No description provided.

dstogov · 2024-06-06T22:16:03Z

@iluuu1994 @nielsdos I would appreciate, if you could take a quick look over this, when you have time. If this is interesting for you - please, share your ideas.

This is a very initial PoC yet. It aims to generate optimized native code instead of generic calls to FFI callbacks. There are a lot of not solved questions:

JIT should generate FFI type guards (check that the FFI\CData type is the same as during trace recording and compilation)
most FFI types are not persistent. I didn't find an efficient way to implement FFI\CData type guards yet.
FFI array bounds checks are not implemented
It would be great to store pointers to FFI\CData in CPU registers and "unbox" the temporary FFI\CData objects
Guards, bounds checks and CData pointers loads should be moved out of the loops
Access to FFI structures and unions fields is not implemented
Access to FFI variables
Native code to call FFI functions
Native wrappers for FFI callbacks

Even in the current state this makes access to FFI Arrays more than 20 times faster. See the following example:

<?php
function ary3($n) {
  for ($i=0; $i<$n; $i++) {
    $X[$i] = $i + 1;
    $Y[$i] = 0;
  }
  for ($k=0; $k<1000; $k++) {
    for ($i=$n-1; $i>=0; $i--) {
      $Y[$i] += $X[$i];
    }
  }
  $last = $n-1;
  print "$Y[0] $Y[$last]\n";
}

function ary3_ffi($n) {
  $X = FFI::new("int[$n]");
  $Y = FFI::new("int[$n]");
  for ($i=0; $i<$n; $i++) {
    $X[$i] = $i + 1;
    $Y[$i] = 0;
  }
  for ($k=0; $k<1000; $k++) {
    for ($i=$n-1; $i>=0; $i--) {
      $Y[$i] += $X[$i];
    }
  }
  $last = $n-1;
  print "$Y[0] $Y[$last]\n";
}

/*****/

function gethrtime()
{
  $hrtime = hrtime();
  return (($hrtime[0]*1000000000 + $hrtime[1]) / 1000000000);
}

function start_test()
{
  ob_start();
  return gethrtime();
}

function end_test($start, $name)
{
  global $total;
  $end = gethrtime();
  ob_end_clean();
  $total += $end-$start;
  $num = number_format($end-$start,3);
  $pad = str_repeat(" ", 24-strlen($name)-strlen($num));

  echo $name.$pad.$num."\n";
  ob_start();
  return gethrtime();
}

function total()
{
  global $total;
  $pad = str_repeat("-", 24);
  echo $pad."\n";
  $num = number_format($total,3);
  $pad = str_repeat(" ", 24-strlen("Total")-strlen($num));
  echo "Total".$pad.$num."\n";
}

$t0 = $t = start_test();
ary3(200000);
$t = end_test($t, "ary3(200000)");
ary3_ffi(200000);
$t = end_test($t, "ary3_ffi(200000)");

bwoebi · 2024-06-07T11:08:10Z

I absolutely love the idea of JITting specific functions (like FFI here). It will also allow JITing some function calls completely away in future I hope.

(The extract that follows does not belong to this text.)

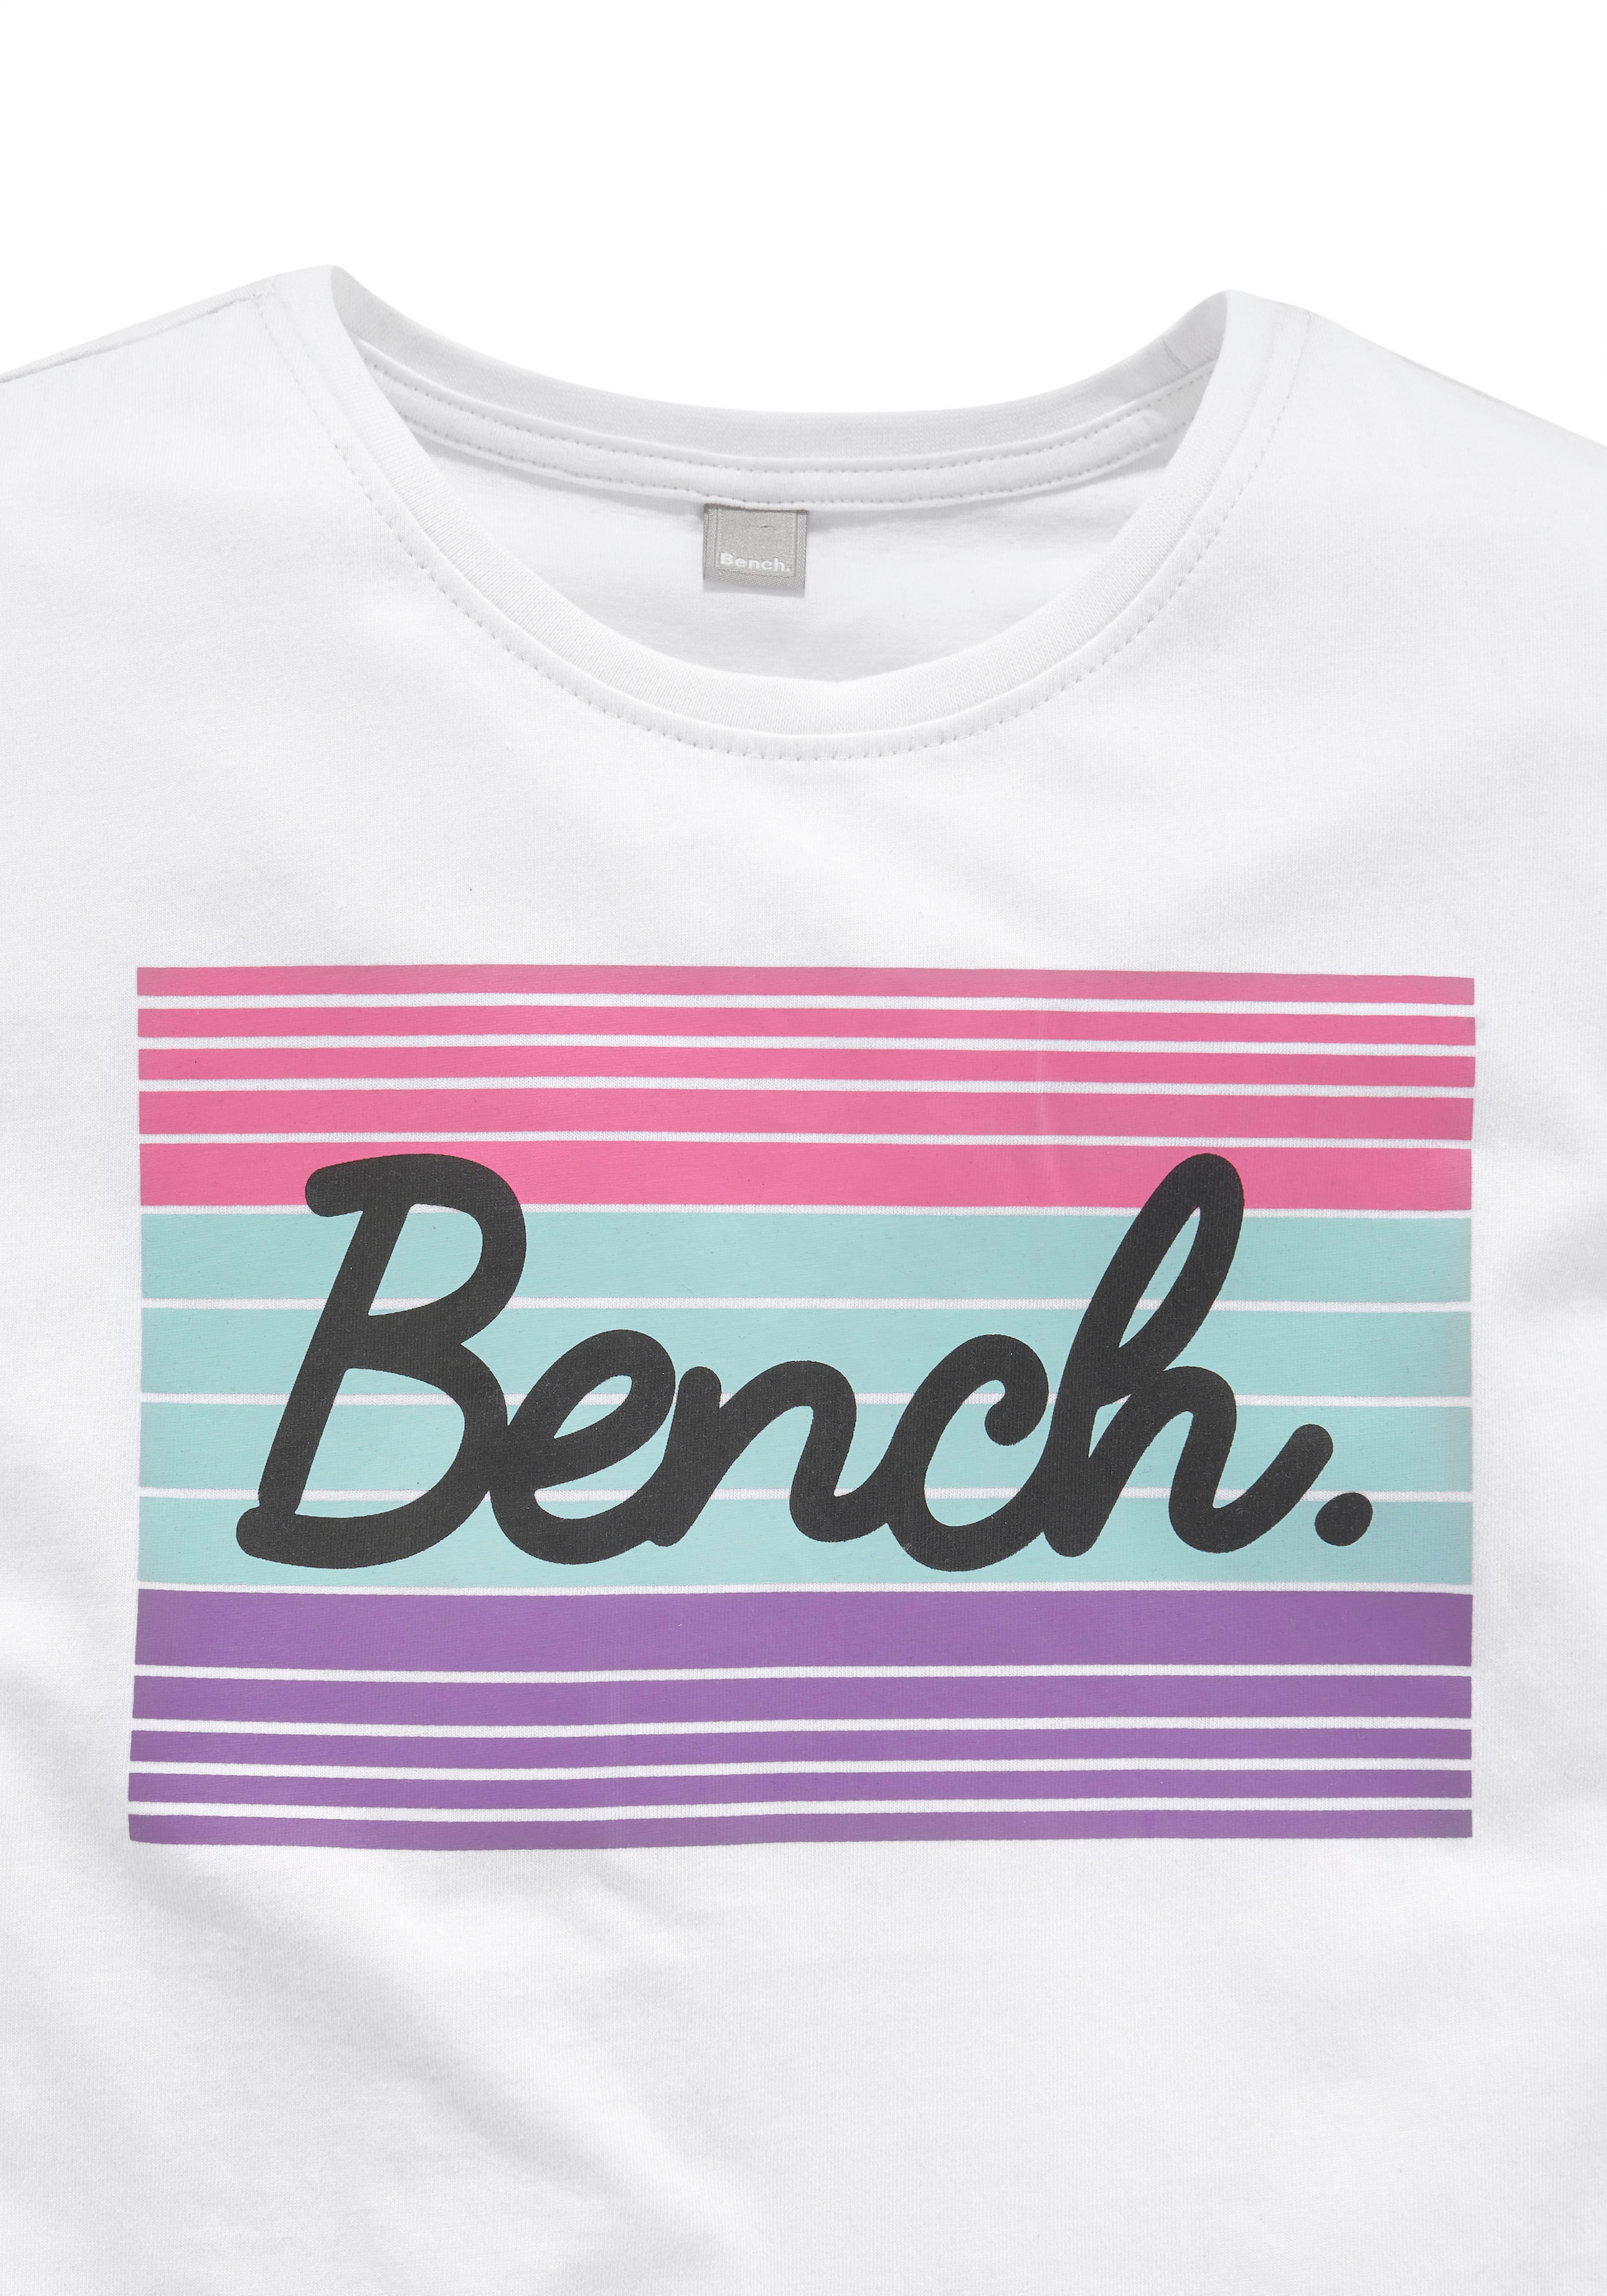 ✌ Bench. T-Shirt, grossem Acheter en Logodruck ligne mit

I just think that the JIT should expose an API to JIT specific functions rather than the other way round, that extensions expose their internals to the JIT and it needs to be hardcoded in JIT then. That should likely scale better when more extensions find something JIT worthy.
I.e. the code doing the JITting of the FFI functions and operator overloads should live in ext/ffi.
I'm okay with not doing that right away, but I feel like JIT should become separate from opcache and have a proper public API eventually...

nielsdos · 2024-06-07T15:58:46Z

I like the idea. Extensions in PHP are often wrappers around C libraries, and by adding support for JIT specializations for FFI, it opens the door for creating extension-like functionality within PHP with reasonable overhead.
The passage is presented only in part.